In addition, labor funds and other investors have filed more than 18 proposals urging firms to separate the roles of CEO and board chairs. The United Brotherhood of Carpenters and Joiners and other investors plan to submit more than 100 resolutions seeking majority threshold voting in board elections.

2008 Proxy Preview: Canada
Submitted by: L. Reed Walton, Publications

Shareholders in Canada have filed several new proposals at this year’s bank meetings that seek greater executive pay accountability, greater disclosure of investments in hedge funds and subprime mortgages, and rewards for long-term holders.

As the 2008 proxy season unfolds, shareholder proposals concerning climate change risk, environmental performance, and sustainability reporting will also be considered by shareholders at a number of other Canadian companies.

Executive compensation is a perennial topic of concern--mostly at the large national banks where CEO pay is highest--but this is the first year that Canadian companies are facing advisory vote resolutions from Canadian investors, according to RiskMetrics data.

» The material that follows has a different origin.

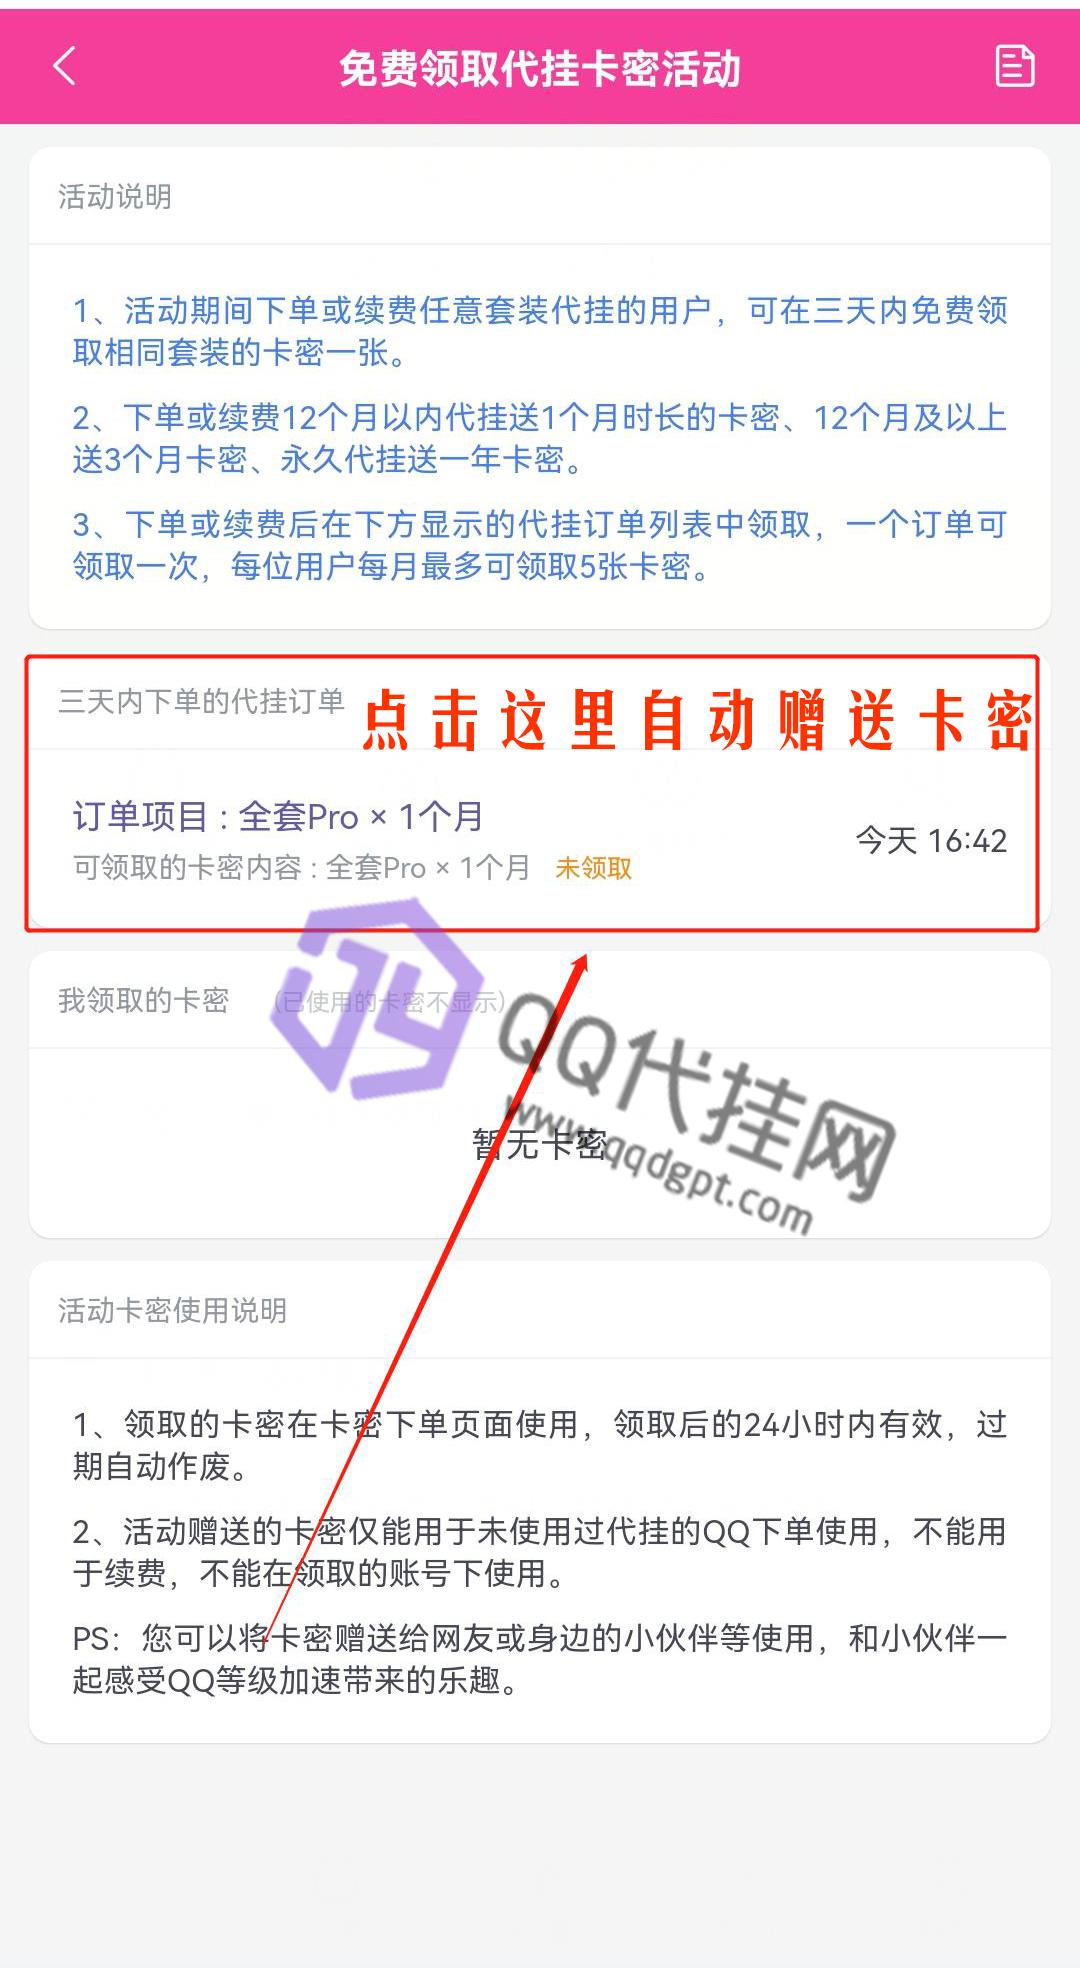 QQ代挂网回馈礼下单免费领卡密!

This year, 16 advisory vote measures--known as “say on pay”--were submitted to companies in Canada, according to the Vancouver-based Shareholder Association for Research and Education (SHARE), which keeps a database of proposals and vote results each year.

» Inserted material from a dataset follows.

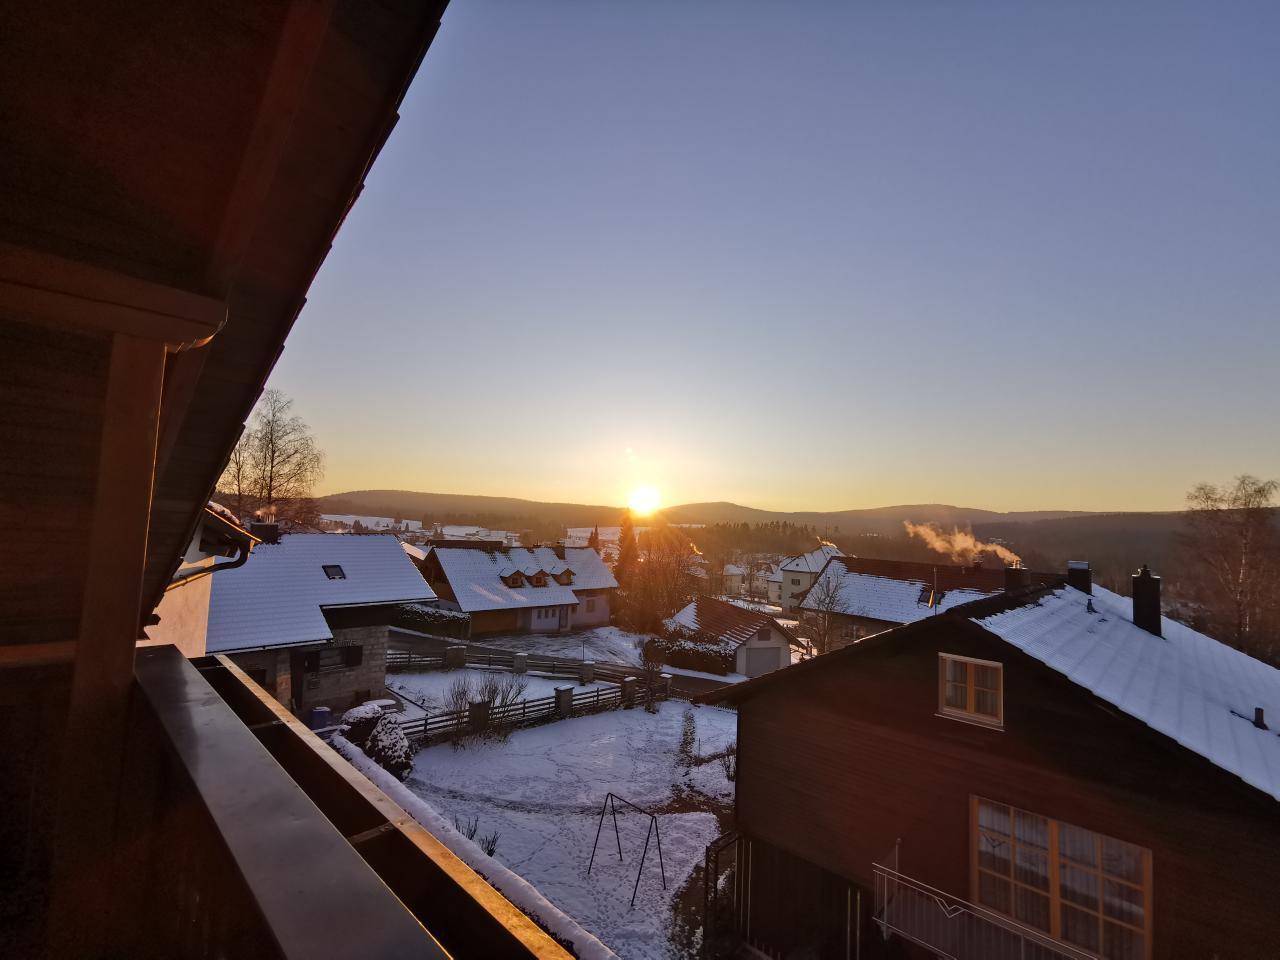 Ferienwohnung Haus Haidweg Wohnung 5 - 3 Zimmer, ca. 90 m² für 2-6 Personen im Dachgeschoss mit Balkon u (238755), Haidmühle, Bayerischer Wald, Bayern, Deutschland, Bild 9

Overall, investors have filed 139 resolutions at 22 Canadian companies so far this year, up from 97 proposals in 2007, SHARE reports. By comparison, investors in the much-larger U.S. market have submitted more than 550 resolutions this season, according to RiskMetrics data.

Unlike U.S. Securities and Exchange Commission rules, Canadian law allows shareholders to file multiple resolutions at the same company and permits proposals on similar topics. The vast majority--96 in total--of this season’s resolutions were filed by the prolific Montréal-based investor group MEDAC (Mouvement d’Education et de Défense des Actionnaires, or the Shareholder Education and Defense Movement).

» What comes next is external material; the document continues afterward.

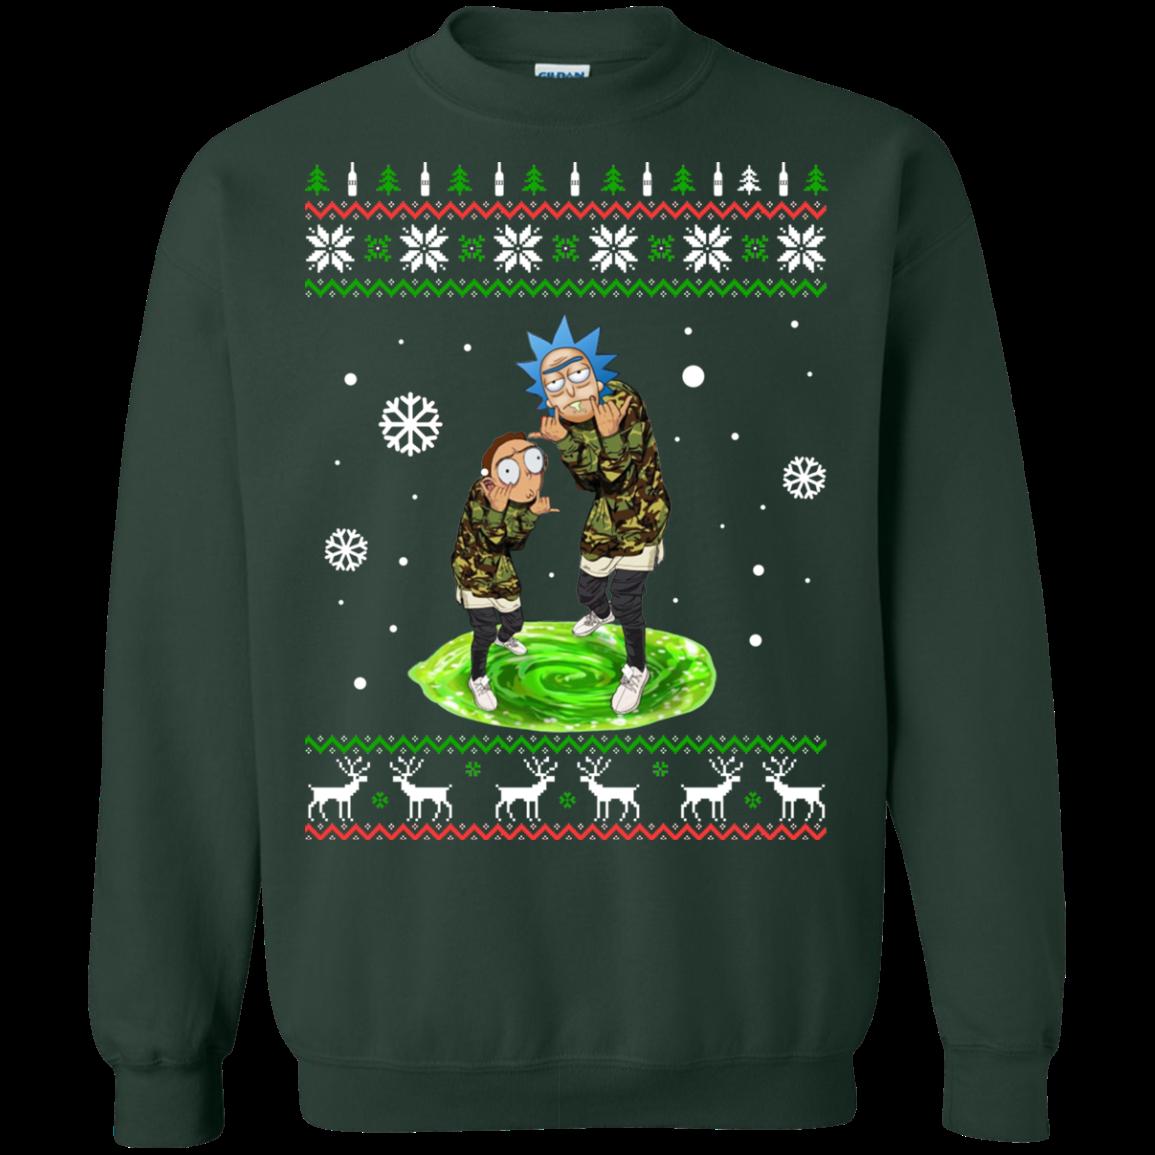 Rick And Morty Supreme Christmas Sweatshirt Allbluetees

Most of the advisory vote proposals were filed at large Canadian financial companies--which receive the bulk of shareholder resolutions each year and generally hold their annual meetings in late February or March. The remaining resolutions were submitted at large-cap firms like Montréal-based aircraft maker Bombardier and BCE, a telecom company set to be taken private.

Cambridge, Ontario-based Meritas Mutual Funds--a social investment group--submitted a non-binding “say on pay” resolution to five major banks, the Canadian Imperial Bank of Commerce, Bank of Nova Scotia, Bank of Montréal, Toronto Dominion Bank, and the Royal Bank of Canada.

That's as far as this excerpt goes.